Copy everything in the data below exactly except the pictures.

*Given data*.
****************

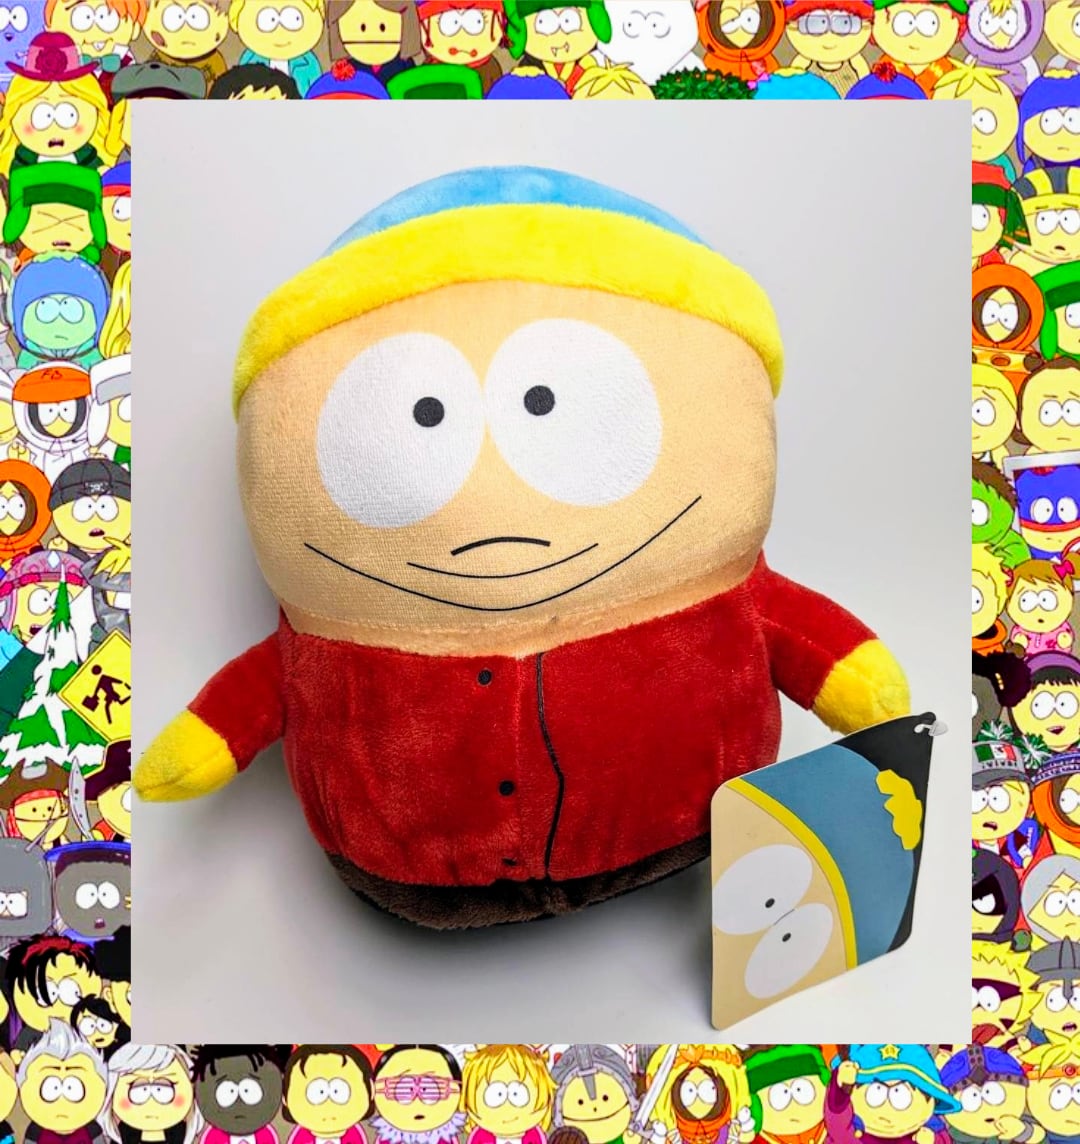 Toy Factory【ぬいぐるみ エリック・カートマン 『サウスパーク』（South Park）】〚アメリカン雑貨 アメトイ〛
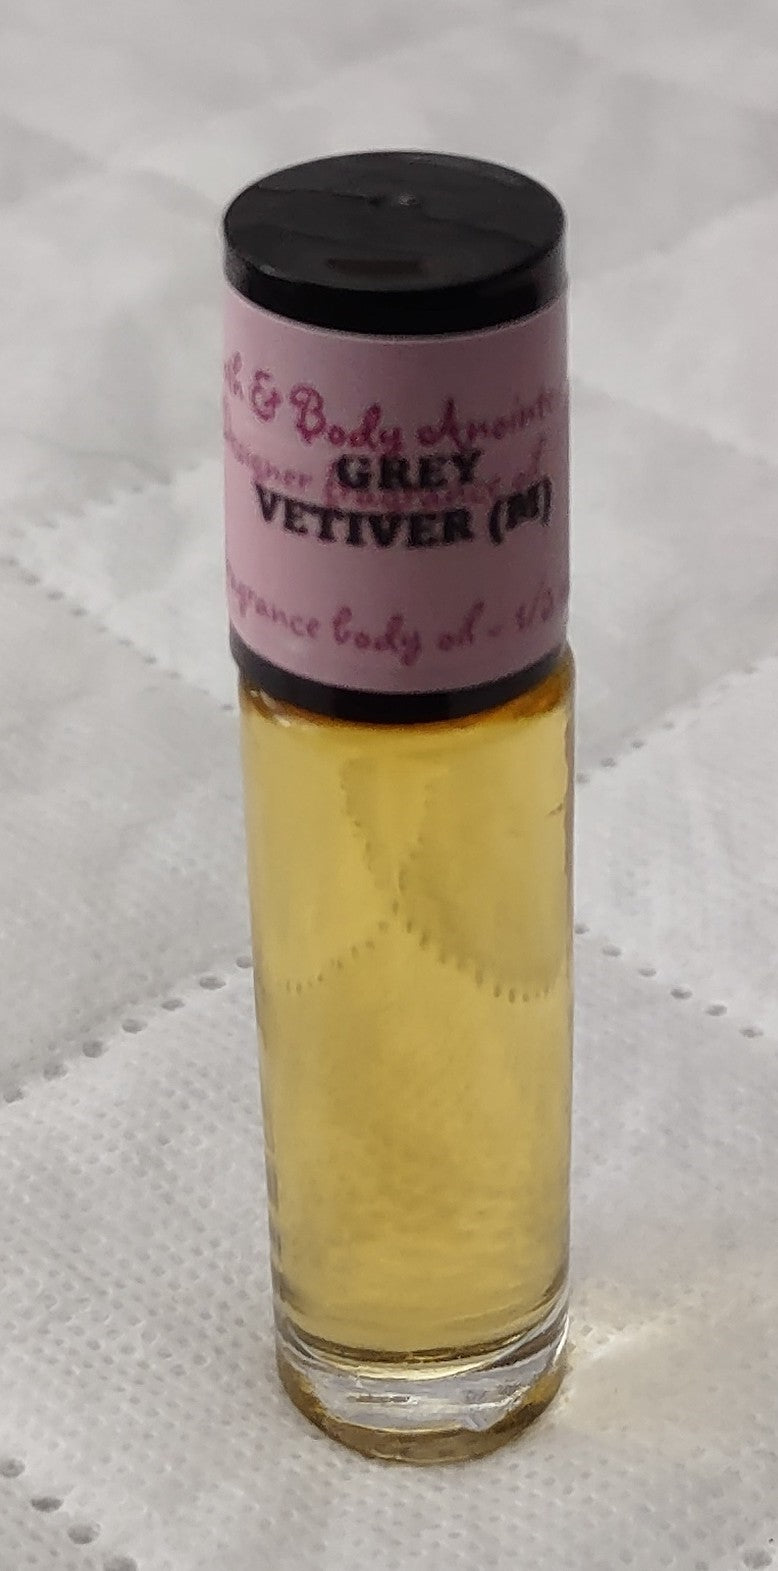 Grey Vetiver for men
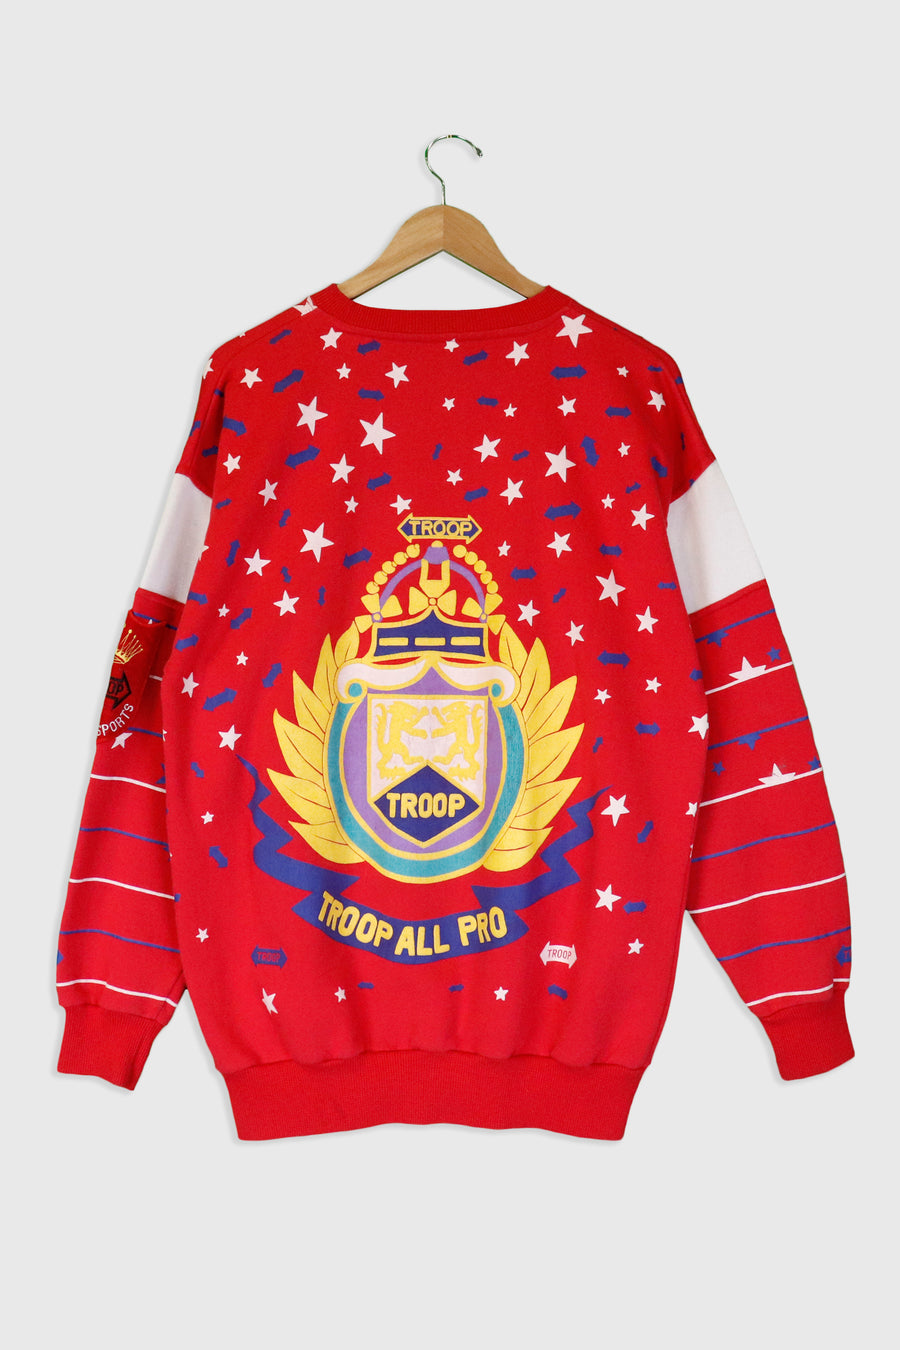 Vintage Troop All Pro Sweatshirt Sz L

****************

*Answer to the exercise*.
 Toy Factory【ぬいぐるみ エリック・カートマン 『サウスパーク』（South Park）】〚アメリカン雑貨 アメトイ〛
 Grey Vetiver for men
 Vintage Troop All Pro Sweatshirt Sz L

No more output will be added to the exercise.